# Is there a market for custom painted cars?



## txronharris (Jun 1, 2005)

Been thinking about doing some custom painting/decaling of HO NASCAR cars and trucks. I do some model railroad painting and was thinking this might be pretty cool to get into as well. Do people look for stuff like this? I know anyone can order decals from the same guys I will, but the actual painting and decaling sometimes is too hard for some. I'm not sure what to charge but I'm not looking to get rich-probally not more than 10-15.00 more than a stock shell. Is this something that would fly?


----------



## noddaz (Aug 6, 1999)

Make a couple.
Put them on Ebay and find out....
BTW, I saw decorated bodies at a race yesterday (not Nascar, just Shell and other types of automotive companies) that were selling for $30 each...
Scott


----------



## jeauxcwails (Jun 13, 2000)

Check eBay seller wert-wert for your answer.


----------



## micyou03 (Apr 8, 2003)

Nice cars. He's doing very good. Thanks forn the link.


----------



## sethndaddy (Dec 4, 2004)

I notice even on the non RRR cars, he is plugging for them. I saw one was signed by Phil too. hmmmmm, nahhh wert wert couldn't be Phil, could it?
Outrageous prices, but damn nice work. But alas, I will not bid on the hidden/private auctions anymore, got outbid a few times, then offered a second chance auction, because they "had another" just laying around. (Note**when checking a sellers feedback, check his "bid retraction" number too.
Now dont anyone take this wrong, I am not bashing RRR or wert-wert. I just trailed off into another topic. (I think Phils a great guy and spent alot of bucks on his cars).


----------



## jph49 (Nov 20, 2003)

ebay seller "wert-wert" is Phil's wife. He sent out a note to another list notifying us of his cars for sale. Apparently he isn't selling the finished cars on his website like he used to.


----------



## micyou03 (Apr 8, 2003)

She is certainly starting them at a low enough price. They are great looking cars, but I won't bid on private auctions.


----------



## JordanZ870 (Nov 25, 2004)

What is the deal now with private auctions and why is it a bad idea to bid on them?
Yeah, I am a bit slow on the up-take sometimes)


----------



## lenny (Feb 29, 2000)

joez870 said:


> What is the deal now with private auctions and why is it a bad idea to bid on them?
> Yeah, I am a bit slow on the up-take sometimes)
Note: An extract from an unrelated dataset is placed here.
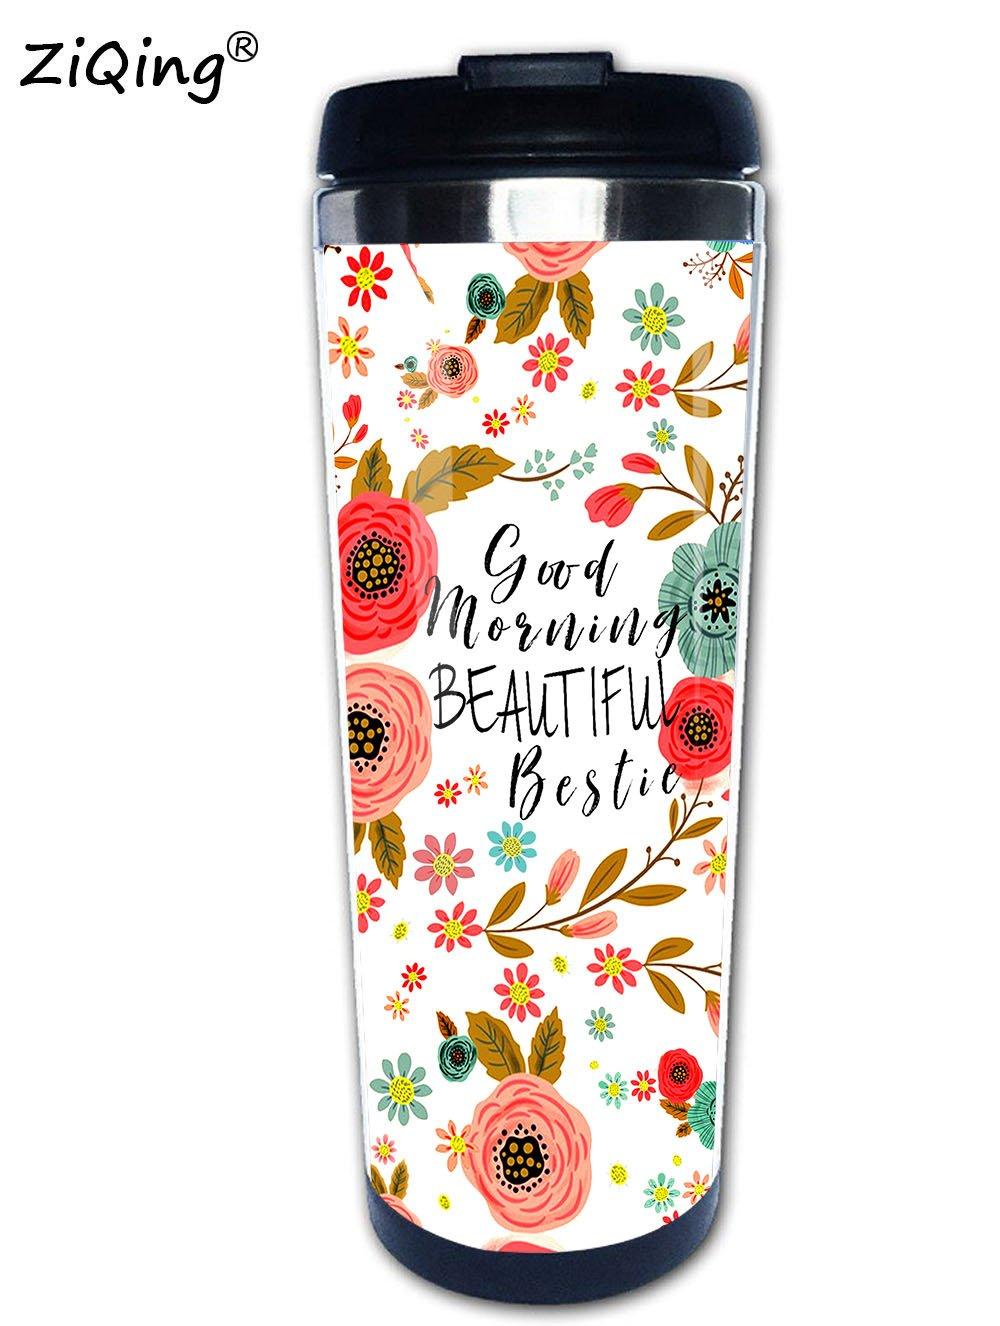 Best Friend Mug,Good Morning Beautiful Bestie Mug Flower Stainless Steel Travel Mug cup Tumbler 350ml Tea Mug Unique Novelty Gift Idea for Her, Best Friend Gift Idea

 As a buyer, you can't see who the other bidders are, or their bids. Some buyers believe it's a way for the seller to manipulate the auction without getting caught. Of course, if the auction is a BIN, that concern largely goes away. 

As a seller, it's a way to keep your bidders info private, which keeps other sellers who might be selling the same or similar item from emailing your bidders to sell to them.


----------



## lenny (Feb 29, 2000)

interesting...

 http://cgi.ebay.com/ws/eBayISAPI.dll?ViewItem&item=5991946211&rd=1&sspagename=STRK%3AMEWA%3AIT&rd=1 

reserve not met at $75.00...


----------



## vaBcHRog (Feb 19, 2003)

Phil from RRR has quite selling finished cars on his web site and the only place you will see them is ion ebay. Look for the prices of his finished cars to go up like the price of gasoline 

Wert-Wert is Phils wife. He sells his super modified kits for $48.00. add the chassis and you are at $58.00, and the wheels and tires and you are at $60.00 or more plus its a Chrome plated body that has been painted. he probably has a 90.00 -100.00 reserve on this one.

Roger Corrie


----------



## roadrner (Jul 21, 1999)

lenny said:


> interesting...
> 
> http://cgi.ebay.com/ws/eBayISAPI.dll?ViewItem&item=5991946211&rd=1&sspagename=STRK%3AMEWA%3AIT&rd=1
> 
> reserve not met at $75.00...


 
Sitting at $102.+ and reserve has been met. I'm sure the winner won't be disappointed. Definitely a display case queen.  rr


----------



## lenny (Feb 29, 2000)

roadrner said:


> Sitting at $102.+ and reserve has been met. I'm sure the winner won't be disappointed. Definitely a display case queen.  rr


 closed at $177.50...


----------



## car guy (Nov 22, 2003)

lenny said:


> closed at $177.50...



I saw this auction earlier while surfing, all I can say is "WOW!!!".


----------